This makes three differences.

First, the topic needs to be closed. Human questions can leave some room for interpretation, but AI assessment questions cannot hide key conditions in the tone of voice. For example, “handle exceptions reasonably” is not a scorable requirement; “when the input is empty, return an empty list, when the page number is out of bounds, return an empty result and keep the total number” is a scorable requirement.

Second, the question needs to be resistant to pattern matching. The model has seen a large number of public algorithm problems and common business segments. As long as the question falls into a familiar template, it may not really analyze the requirements, but call the standard solution in memory. High-quality questions do not seek to deliberately create difficulties, but expose loopholes in template solutions through business constraints, combination boundaries and verification mechanisms.

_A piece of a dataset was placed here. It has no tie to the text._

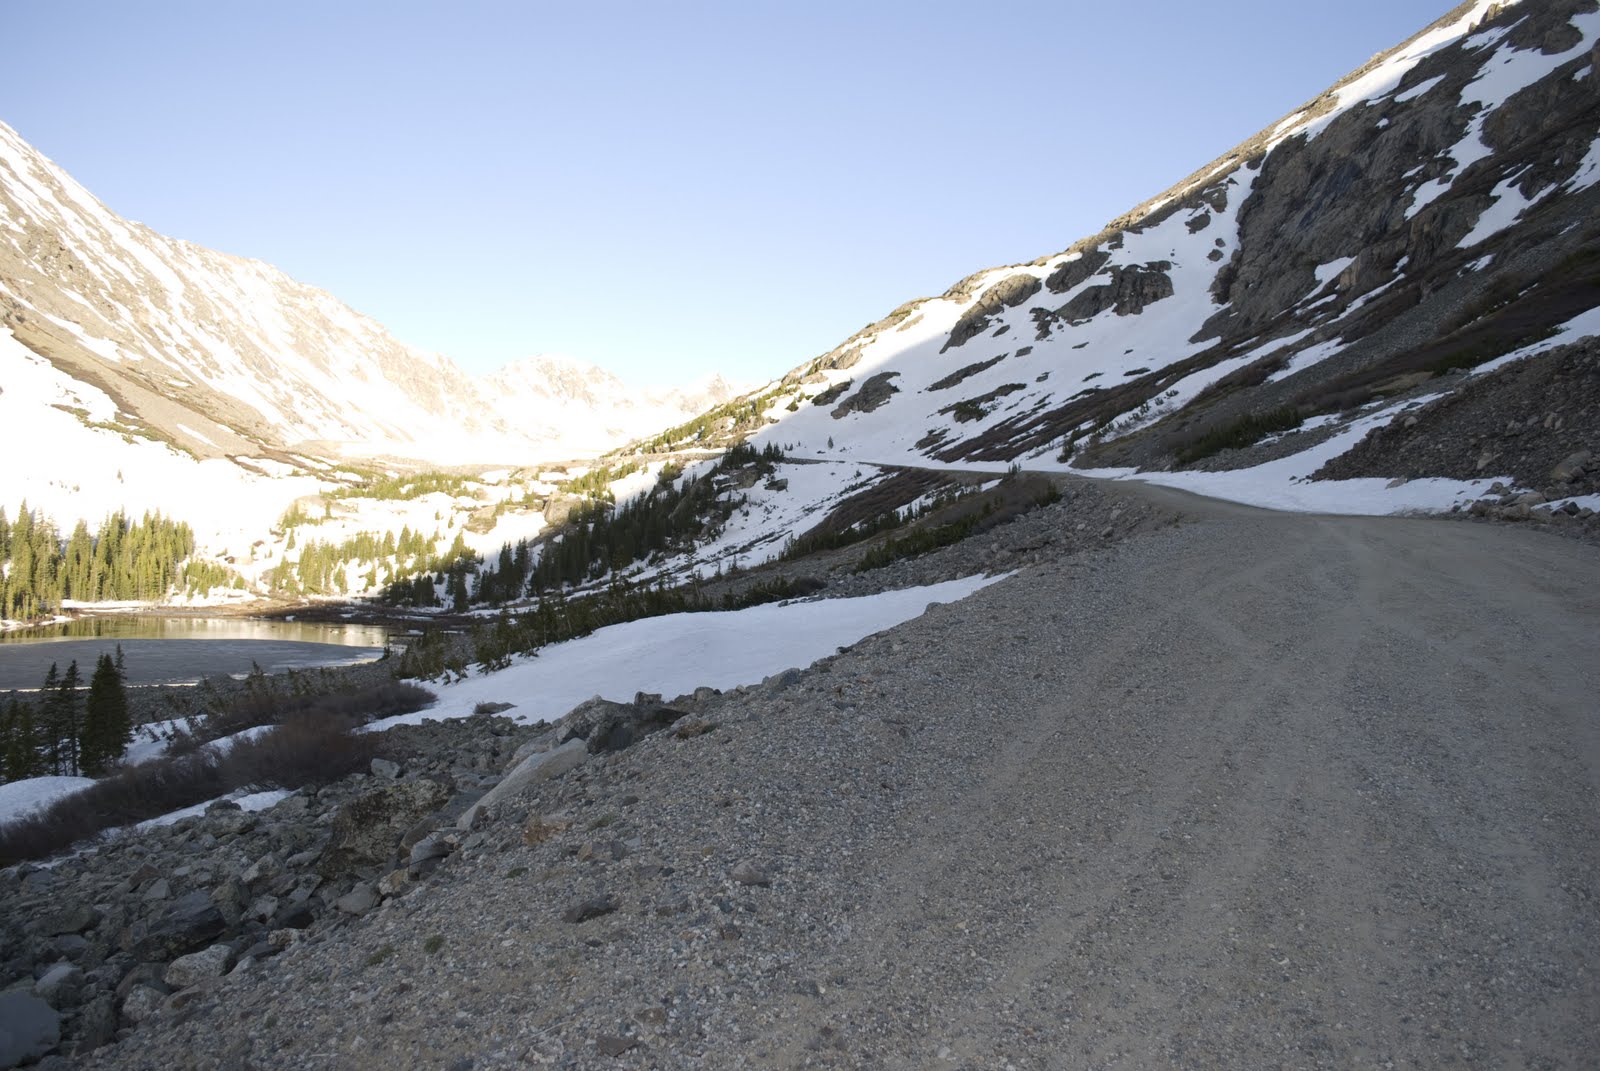 Quandary Peak Trail Conditions

Third, the questions need to be calibrated. AI capabilities are updated quickly. For the same question under different models, different tool permissions, and different context budgets, the pass rate may vary significantly. The difficulty of a question cannot only depend on the “question giver’s feeling”, but must be tied to assessment settings, pass rate distribution, failure types and version records.

Therefore, designing programming questions for AI is not just about writing questions, but designing an evaluation contract. The function of the contract is to convert “What do I hope the model will do” into “What evidence can I observe”, and then into “How do I judge whether it meets the standards?”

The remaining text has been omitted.